Closing Documents…To Sign Or Not To Sign
By Mike Chesser.
This article is for contractors and people who supply them, and for owners and people who care about them. An example of the problem about which this article is written is the owner who has a contract with a builder to build a house. The house is built and paid for, and thereafter the owner gets a notice of lien from a plumbing company the owner never knew existed. Invariably the owner will fume and fuss and refuse to believe the lien might be a threat; since the owner has paid for the house the owner believes that he owes the plumber nothing. That answer makes good logical sense; it is the wrong answer.

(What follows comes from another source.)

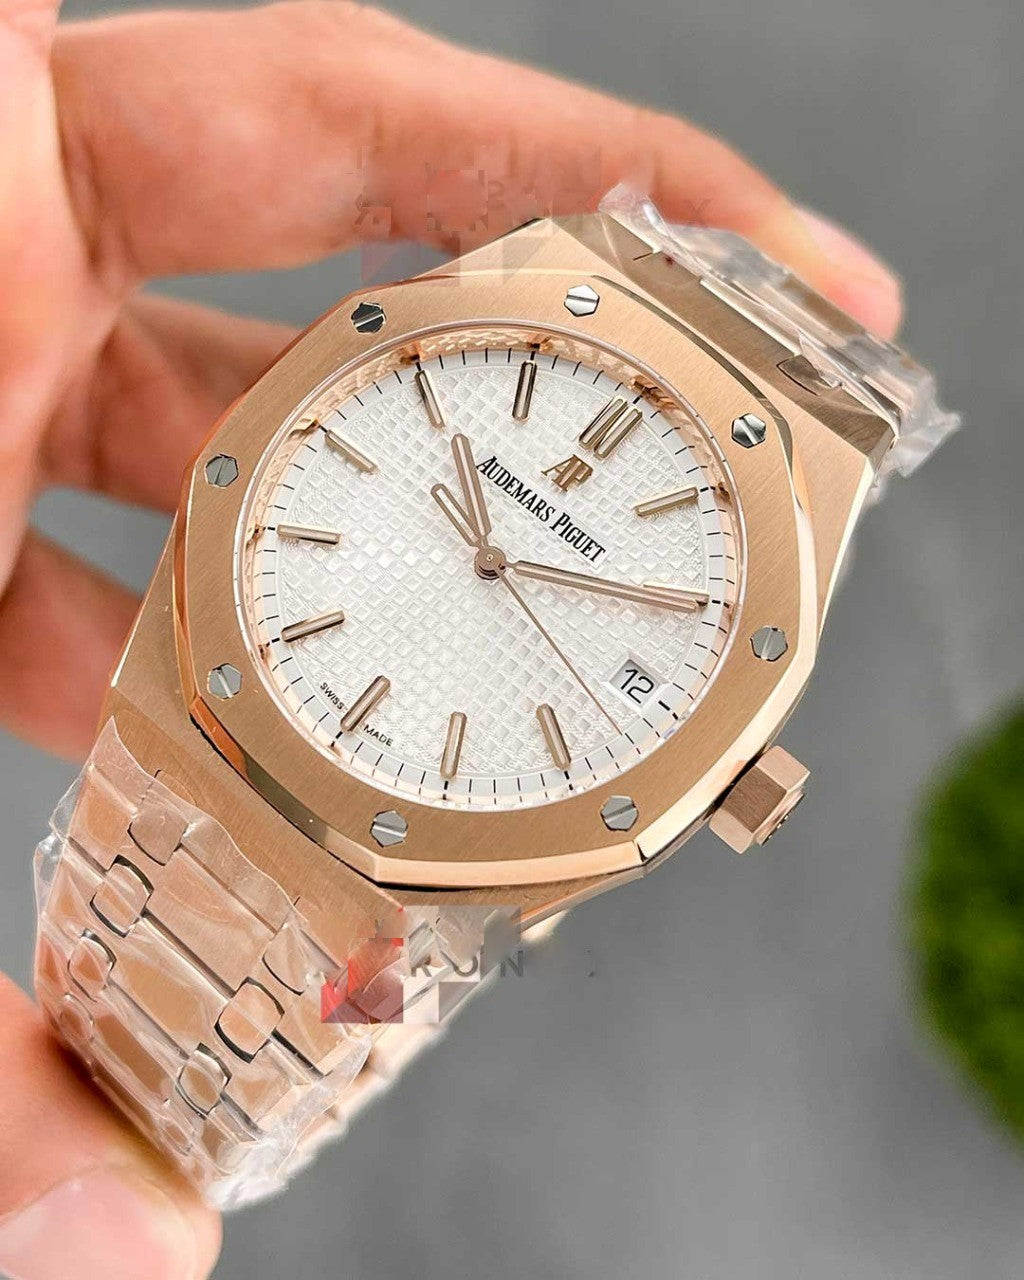 Audemars Piguet Royal Oak Selfwinding Extra-Thin In A Luscious New Plum Tone Dial New Arrival For Man With White crocodile Dial Design Watch AP-55092

A mechanic's lien is a tool by which a contractor, subcontractor, or supplier can enforce a right to be paid by an owner who can't, or won't, pay him. A mechanic's lien is also a tool by which an unwary owner can pay twice for goods or services. All of the circumstances under which a lien might be good for a contractor, or bad for an owner, are beyond the scope of this article. But there are a few things which should be said to avoid unnecessary heartache for everyone.
First, remember that a lien can be filed for work or materials not paid for over a period of 90 days after work is done. That means a contractor can complete a house, a closing can be completed, the contractor get paid, and up to 90 days later a lien be filed by someone who worked on the house, or supplied materials, but who has not been paid. This very fact makes the knowledge and integrity of the closing agent one of the most important elements of closing.
A builder friend called a week or so ago to say he signed "one of those affidavits" at a closing and that the affidavit was not quite accurate; he wondered what might happen. The affidavit he signed was a mechanic's lien affidavit, a standard document presented to a builder to be signed at closing. It attests that the house is complete and that all subcontractors have been paid. I know there is little understanding of the importance of the document, or why it should be accurate, since I so frequently see them signed casually.That happens most often when a builder intends to pay off his suppliers and subs from proceeds to be received at closing. Unfortunately, there are times when that never happens.
No one who participates in a closing has the prerogative to sign a closing document that is wrong, even if they intend thereafter to do something to correct it. I've said in this space before that all papers signed at closing should be accurate, and if they aren't they should not be signed.
Please, understand that it is a criminal act for a builder to sign an affidavit attesting that all subs and suppliers have been paid if the affidavit is not true. The closing agent's responsibility, when they know the problem, is to fix it. They do that by amending the affidavit to specifically list the name and address of anyone who hasn't been paid, and then to pay them from the final draw.
If the house is not finished or has a punch list, the items to be corrected or finished after closing should be reduced to writing and made a part of the closing documents.
The law contains familiar words and phrases, such as, "Ten dollars and other good and valuable consideration . . . " in a deed, or, " . . . hereby waiving demand, protest, and notice of protest" in a promissory note. People develop the unfortunate attitude, partially because of stiff, unfamiliar language, that closing documents are not supposed to be understandable, and don't really mean what they say; or that somehow they are standard and are to be signed even if technically wrong.
The theme of this article is that real estate closings and documents are serious business. Some words and phrases may be words of art, borrowed from past centuries. Others have very real commercial and even criminal significance. The fact that your closing agent must know the difference makes real estate closings an important profession. Be grateful to the closing attorney or agent who bothers to make sure all documents say what they mean.